In May 2011, I attended my first Science Communication Conference, organised by the British Science Association. This annual two-day conference addresses the key issues facing science communicators in the UK and brings together people involved in public engagement.

SCC2011

This year’s theme was online engagement: exploring innovative uses of online media to engage the public with science, including discussions about social media, podcasting, gaming, virtual worlds and citizen science, including a public engagement activity close to my heart (I’m a Scientist, Get me out of here!). The speakers included Simon Singh discussing libel reform, Tim Radford on his career and experience as former science editor of the Guardian, as well as a panel session with Robert Winston and Kathy Sykes discussing their perspectives on the future of public engagement.
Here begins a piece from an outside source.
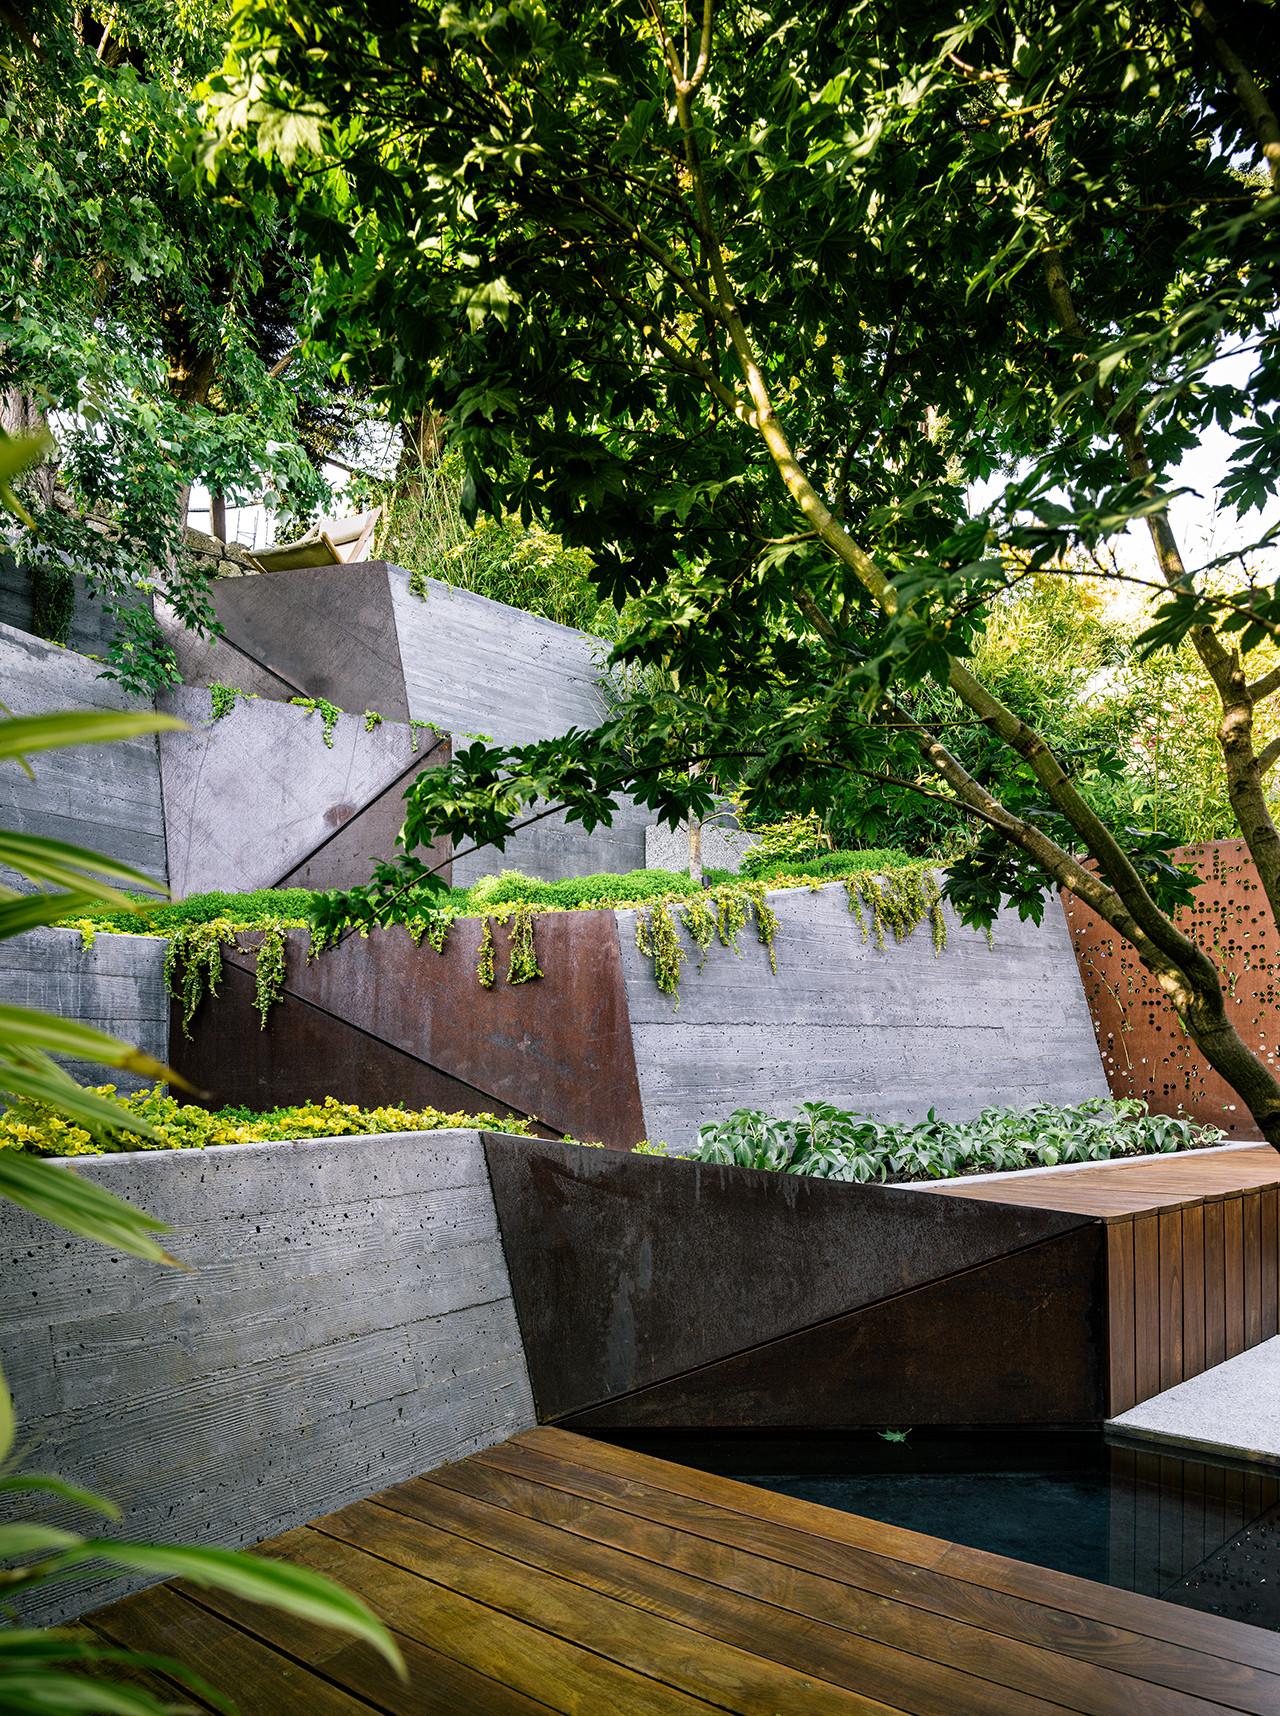 Galer a de arquitectura y paisaje hilgard garden una - Jardin en terraza pequena ...

I was lucky enough to receive a bursary from the British Science Association to attend the conference; in return I was asked to write a report of the first day’s Libel Reform and Science session (I’ve added extra links and fixed some of my sloppy typos from the published report):

A Libel Reform and Science session at the 2011 Science Communication Conference? How do the English libel laws affect scientists across the world? Just ask Dr Simon Singh, who’s two-year battle with the British Chiropractic Association (BCA) cost him upwards of £500,000 when they sued for libel regarding an article he wrote in the Guardian in April 2008. Increasingly, individuals and companies are using England’s outdated libel laws to suppress legitimate scientific debate and discovery.

Simon Singh hosted this session with Sile Lane, who coordinates the Keep Libel Laws out of Science campaign led by Sense About Science (a charitable trust that equips people to make sense of scientific and medical claims in public discussion). Simon first presented an overview of libel and the key issues: defamation, protecting reputations, privacy, free speech (including “reckless” free speech, as well as the impact of the Human Rights Act 1988), plus the distinction between slander and libel: it is also possible to get sued for spoken material that is recorded live, such as a radio interview or conference talk. This is obviously an important issue for scientists and researchers. The law as it stands is very much in favour of the claimant: you do not currently need to show proof of damage; in essence there is a reverse burden of proof, you are guilty until you can prove you are correct (innocent!). Furthermore, it is horrendously expensive to defend yourself; in the majority of cases, people tend to settle early because of the prohibitive cost of going to trial. This has created the “chilling effect” of libel: many people are now scared of invoking a libel threat, providing an undesirable form of editorial control.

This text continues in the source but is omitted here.